President Trump’s decision to withdraw the U.S. from the Paris Agreement on climate change put a nail in the coffin of formal American leadership on global warming. Once the move is official, the U.S. will play no role in the international process of setting targets to reduce greenhouse gas emissions and reporting progress to the global community.
Rather than let that happen, a large coalition of American cities, states, businesses and educational institutions are launching something akin to a shadow government, intended to take America’s place on the global climate stage. The group We Are Still In, which was announced Monday, could submit their own targets to the United Nations and report on their progress alongside the formal commitment from the U.S. federal government.
“The current executive branch… can, and will, speak to its own willingness to move forward on climate action in the United States,” former New York Mayor Michael Bloomberg, the UN special envoy for cities and climate change and an organizer of the effort, wrote in a letter to the UN climate change body announcing the new group. “It cannot, however, determine the pace of progress achieved by U.S. cities, states, the private sector, and civil society. That freedom to lead is part-and-parcel of our federal system.”
Bloomberg has also committed to paying the U.S. contribution to the U.N. Framework Convention on Climate Change, the body that oversees international talks on global warming.
The U.S. committed under President Obama to reduce greenhouse gas emissions by as much as 28% by 2025, but researchers now predict they will fall no more than 12.6% with Trump’s rollback of environmental regulations. Officials from the more than 1,000 groups represented in the new coalition believe they make up a substantial portion of that difference. Among the signatories are hundreds of cities, the most populous states including New York and California and Fortune 500 corporations like Microsoft and Target.
Many of the group’s members sought to show their commitment to greenhouse gas emissions reductions since the months leading up to the Paris Agreement, but those efforts tended not to involve the full cross-section of local governments, corporations and nonprofit institutions.
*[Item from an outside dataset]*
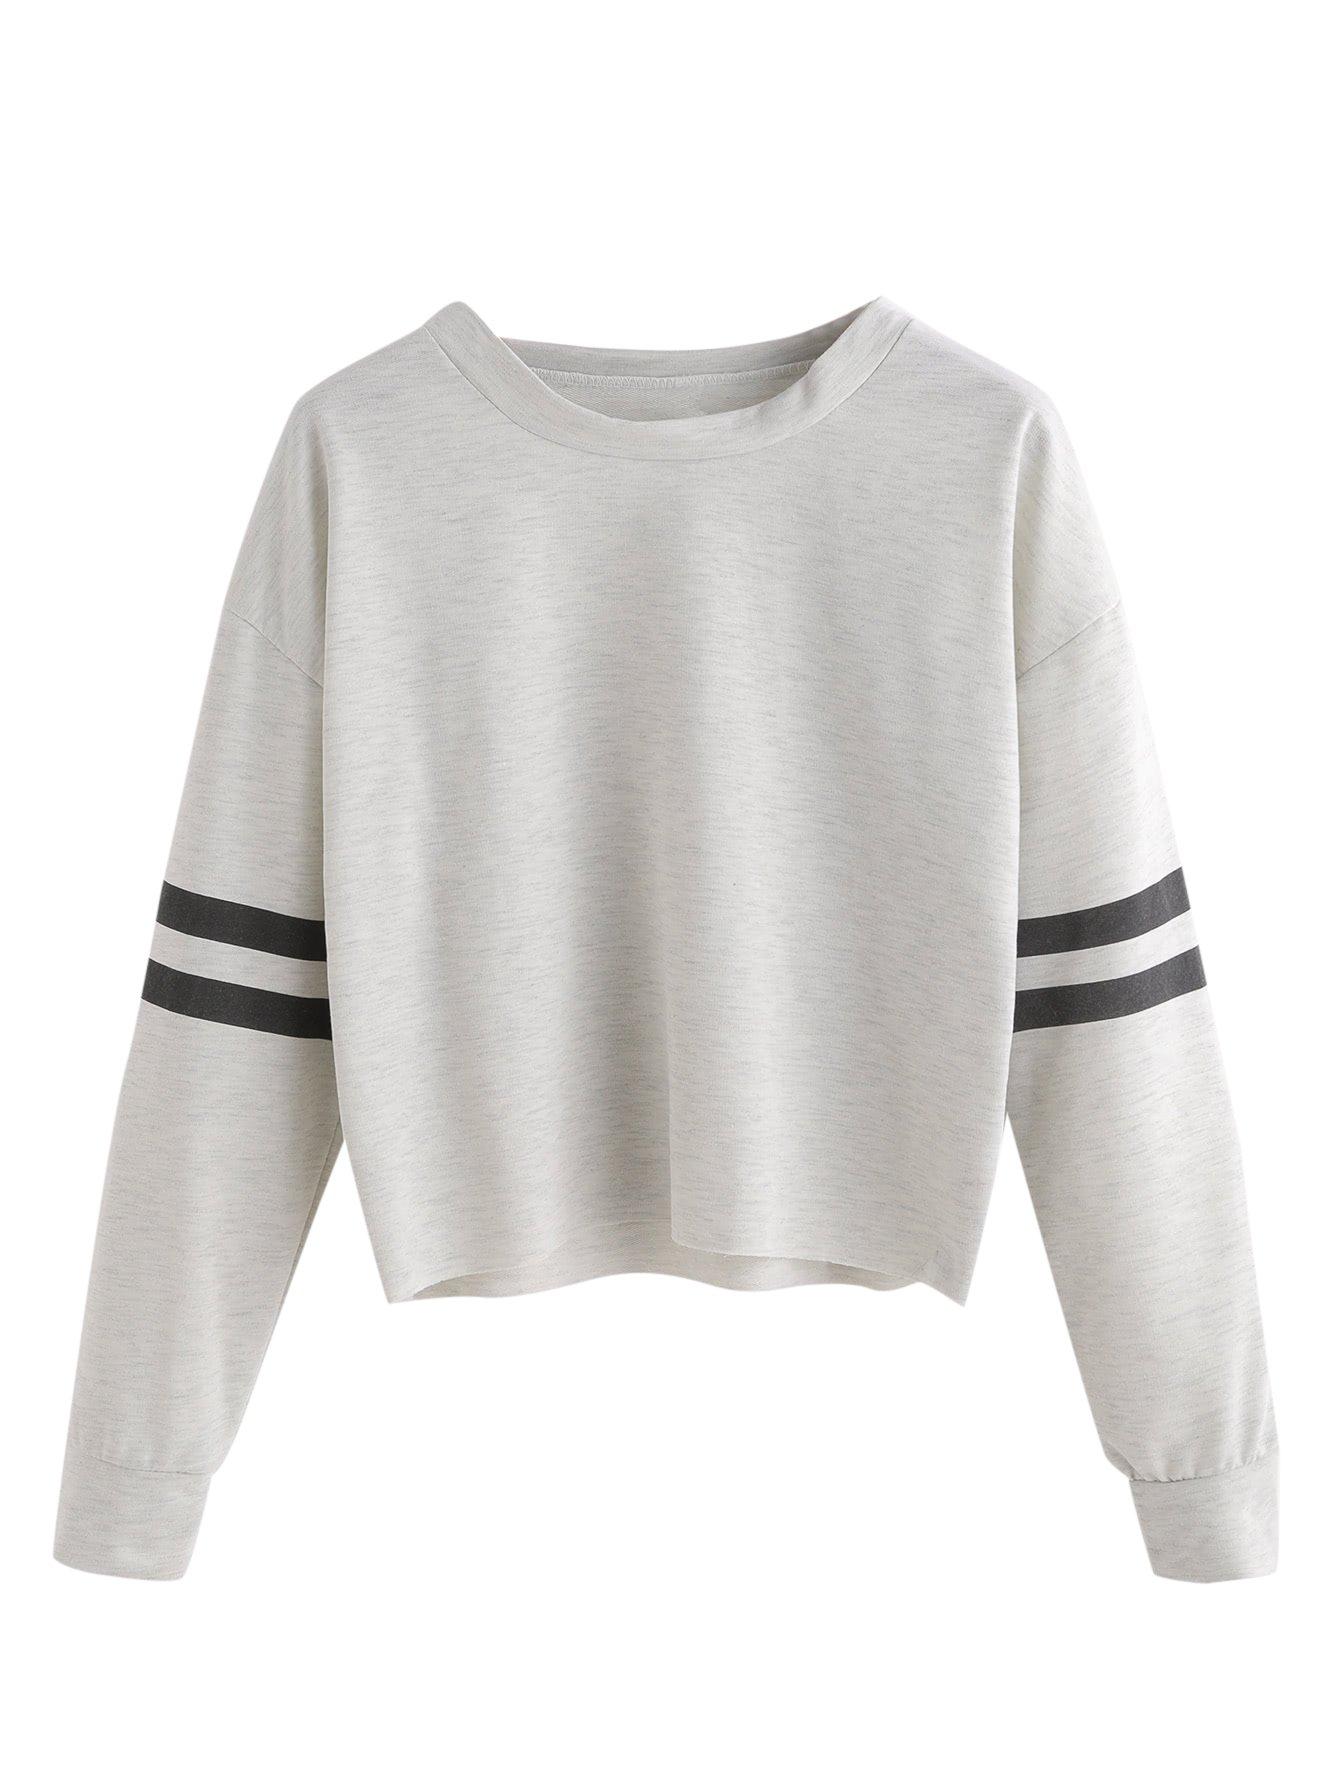 SweatyRocks Women's Striped Long Sleeve Crewneck Crop Top Sweatshirt Grey M

The new coalition aims to advance that work on a far larger scale.
“The existence of these coalitions of the willing is nothing new,” says Paul Bodnar, who served as senior director for energy and climate change at the National Security Council under Obama and is now with the Rocky Mountain Institute. “What’s new is working together and the second is aggregating and projecting the importance of that action to the international community.”
The group faces significant challenges before it can formally report on its progress to the U.N. Such measurements can be difficult to tabulate, a challenge complicated by the overlapping nature of many of the entities. It also remains to be seen how the large group will deal with competing personalities all of whom may want to be seen as the face of U.S. efforts to address climate change.
Still, the effort has potential to repair some of the nation’s standing among those fighting against global warming around the world. “I am so moved and enthused that so many states and enterprises in the United States of America want to travel this path with us,” said German Chancellor Angela Merkel, according to the New York Times, after Trump’s announcement. “We will travel it together.”